St.-Naz. infos sur la Fête de l’Industrie

Article de Saint-Nazaire infos du 19 avril 2015

Le Front national a baptisé symboliquement ce dimanche sa « Fête de l’industrie », l’occasion également de recevoir le député européen Gilles Lebreton. Ce dernier a évoqué « les sujets qui fâchent » à Saint-Nazaire : les bateaux russes et le travail détaché.
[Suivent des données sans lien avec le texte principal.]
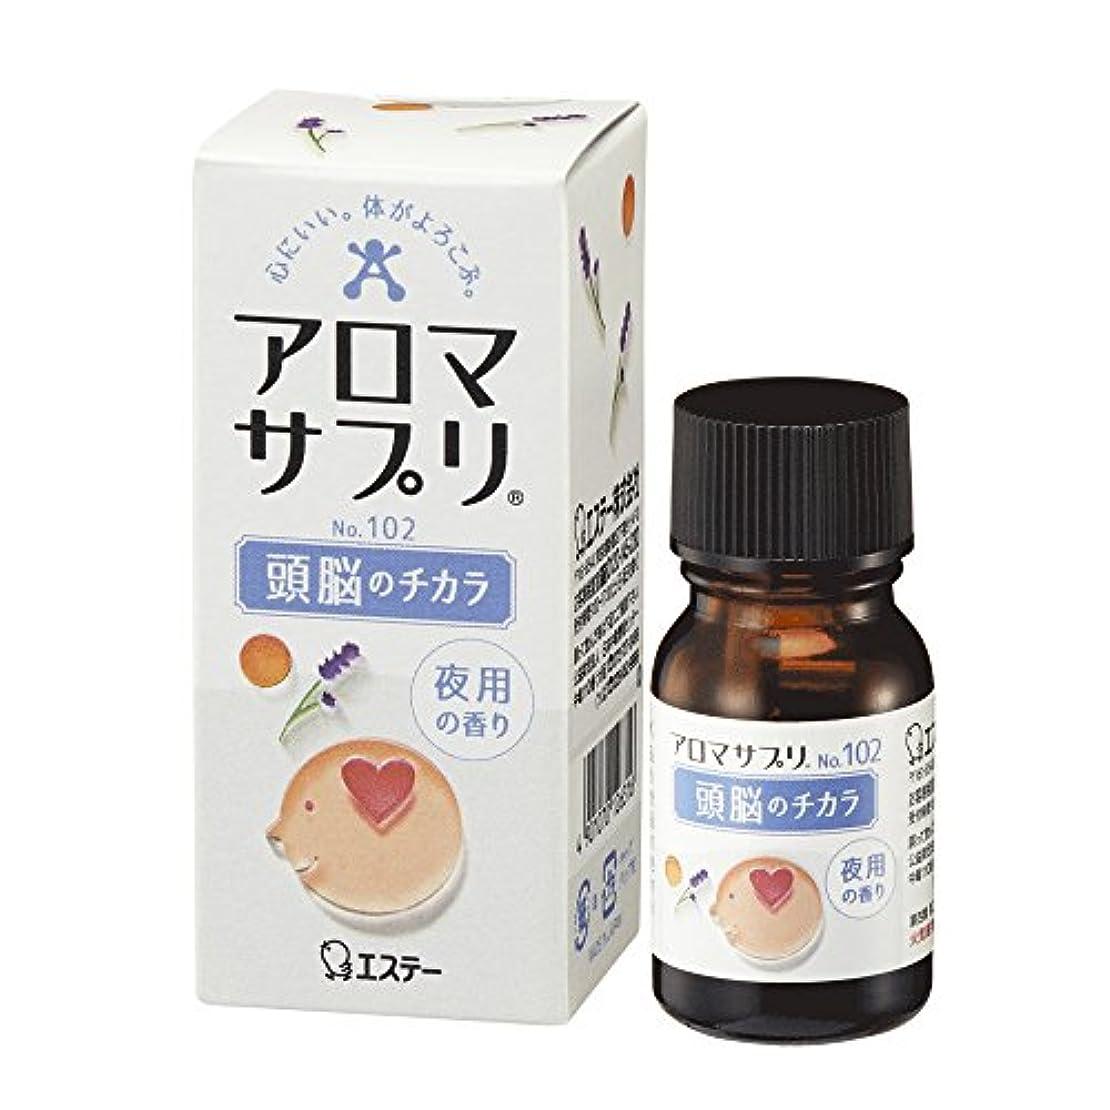 弱い防ぐ送信するアロマサプリ 100%天然ブレンドアロマ 頭脳のチカラ 夜用の香り 真正ラベンダー&スイートオレンジ 10ml (約60回分)

« Ces deux bateaux qui ne sont pas livrés symbolisent bien les problèmes de l’industrie, nous réussissons ici à construire des bateaux de très haut niveau malgré la concurrence étrangère. » souligne Gilles Lebreton. Le député européen regrette la « décision catastrophique » du président Hollande de ne pas livrer les bateaux à la Russie. « C’est un manquement à la parole donnée vis-à-vis d’un client, la Russie. » Il souligne l’absurdité de la décision : « La Russie est un grand pays, c’est un client très intéressant pour notre industrie d’armement. Le motif évoqué pour refuser la livraison n’est pas valable car si la situation ukrainienne est délicate à gérer, il fallait engager beaucoup plus tôt que nous l’avons fait, un dialogue, au lieu de quoi, on a menacé la Russie d’entrée de jeu. Et malheureusement, la France commence à se rendre compte que ce n’était pas la bonne tactique. »
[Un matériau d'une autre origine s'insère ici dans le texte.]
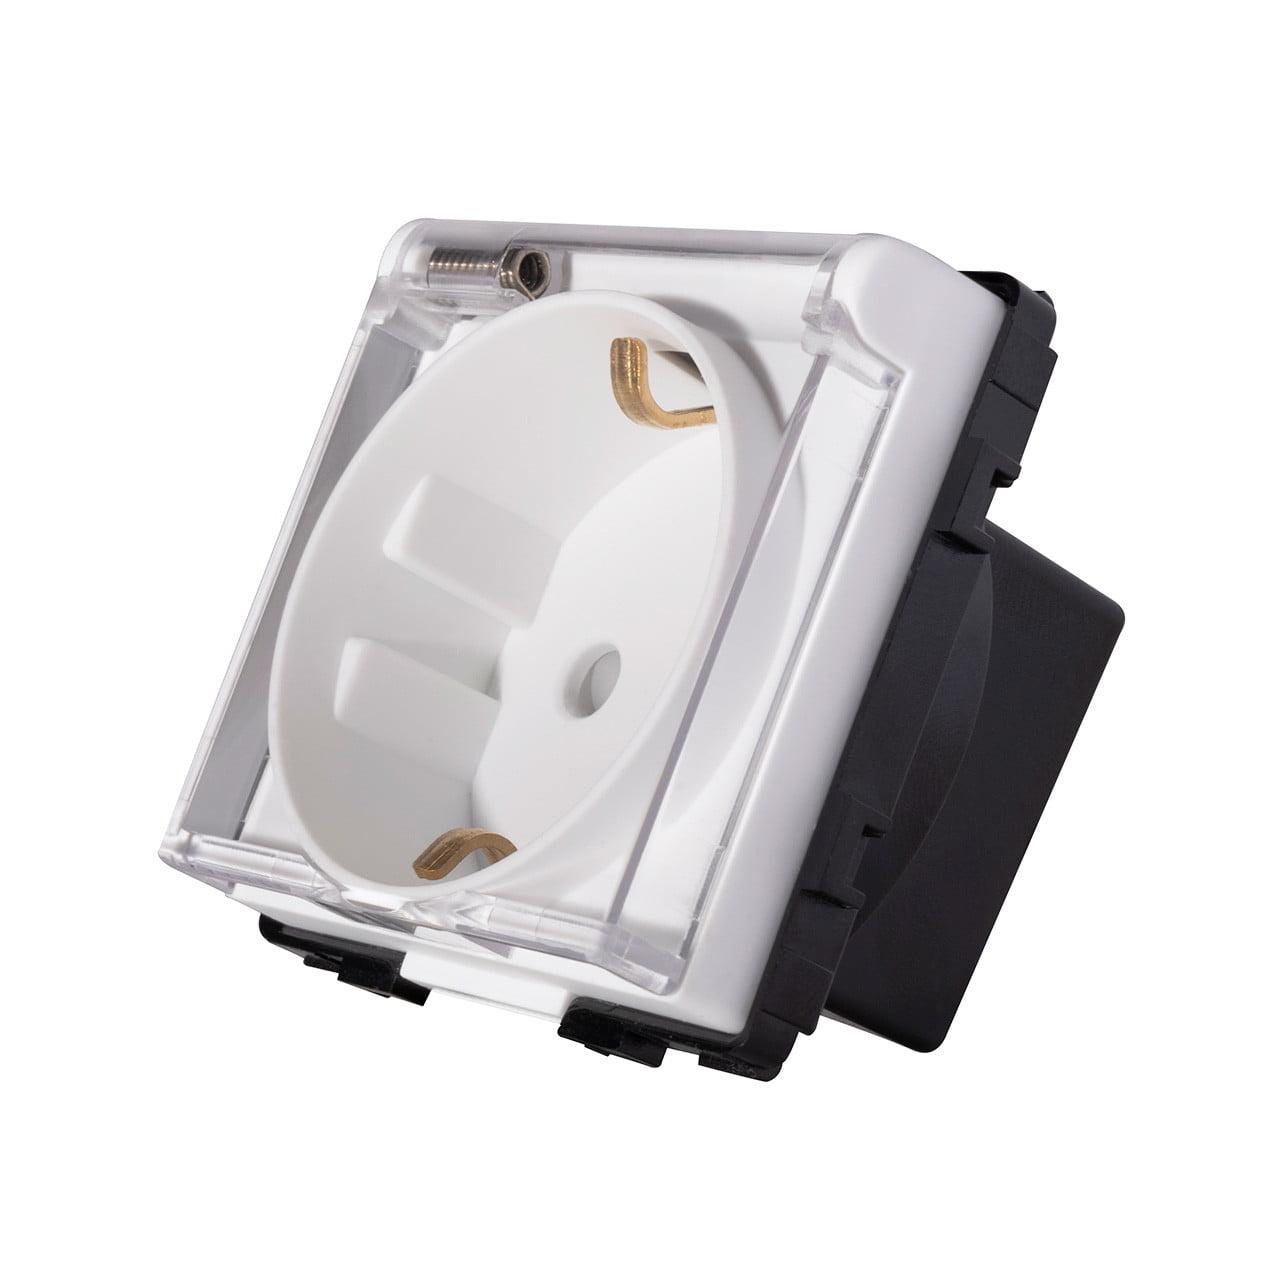 Modul priza schuko, capac protectie apa, 250V, 16A, Smart Home

Le député européen précise les pénalités très fortes liées au contrat que la France devra payer ainsi que le coût de 400000 euros de maintenance par mois pour garder les bateaux dans le port de Saint-Nazaire. Il affirme que d’autres pays étaient susceptibles de commander des bateaux « et quand ils voient la façon dont nous traitons la Russie, c’est de nature à les faire douter et à les détourner vers des concurrents coréens ».

Travailleurs détachés

Gilles Lebreton, dans le deuxième volet de son intervention, regrette la directive détachement de 1996 qui permet aux entreprises françaises de recruter des travailleurs étrangers en payant les salaires français mais les charges sociales dans le pays d’origine. « Ça crée une concurrence déloyale pour nos travailleurs et favorise une préférence étrangère. C’est très choquant en période de chômage que l’Union européenne n’ait rien trouvé de mieux que d’inventer cela. » Il précise que les députés européens du FN font beaucoup de bruit sur ce sujet. « Pour nous calmer – car on sent bien que l’opinion publique est derrière nous – une directive a été prise fin 2014 qui ne change rien. Ce texte vise à mieux contrôler le recrutement des travailleurs détachés car, en plus, il y avait des abus. Ce dont nous ne voulons plus, c’est de la directive de 1996. »

La ligne de Marine

Sur la question de l’exclusion de Jean-Marie-Le Pen du Front national, le député européen contrairement à beaucoup d’autres a le mérite de ne pas faire dans le ni-ni. « Ça me semble délicat de l’exclure, c’est le fondateur. Sans lui je ne serais pas devant vous aujourd’hui. Une procédure disciplinaire est en cours, elle ne va pas forcément aboutir à son exclusion. La procédure disciplinaire est une bonne idée. Il fallait marquer le coup, car il doit y avoir une discipline dans tout mouvement politique. Il faut suivre la ligne politique de Marine Le Pen parce qu’elle a été votée par notre congrès. Quiconque s’éloigne de la ligne fait de la provocation et doit en subir les conséquences, de là à aller à une exclusion, moi, à titre personnel, je ne le souhaite pas, c’est très clair. »

La Fête de l’Industrie s’est terminée par un repas collectif dans un restaurant ouvrier de Penhoët. D’ores et déjà les militants du FN annoncent une « grande Fête de l’industrie » l’an prochain à Saint-Nazaire.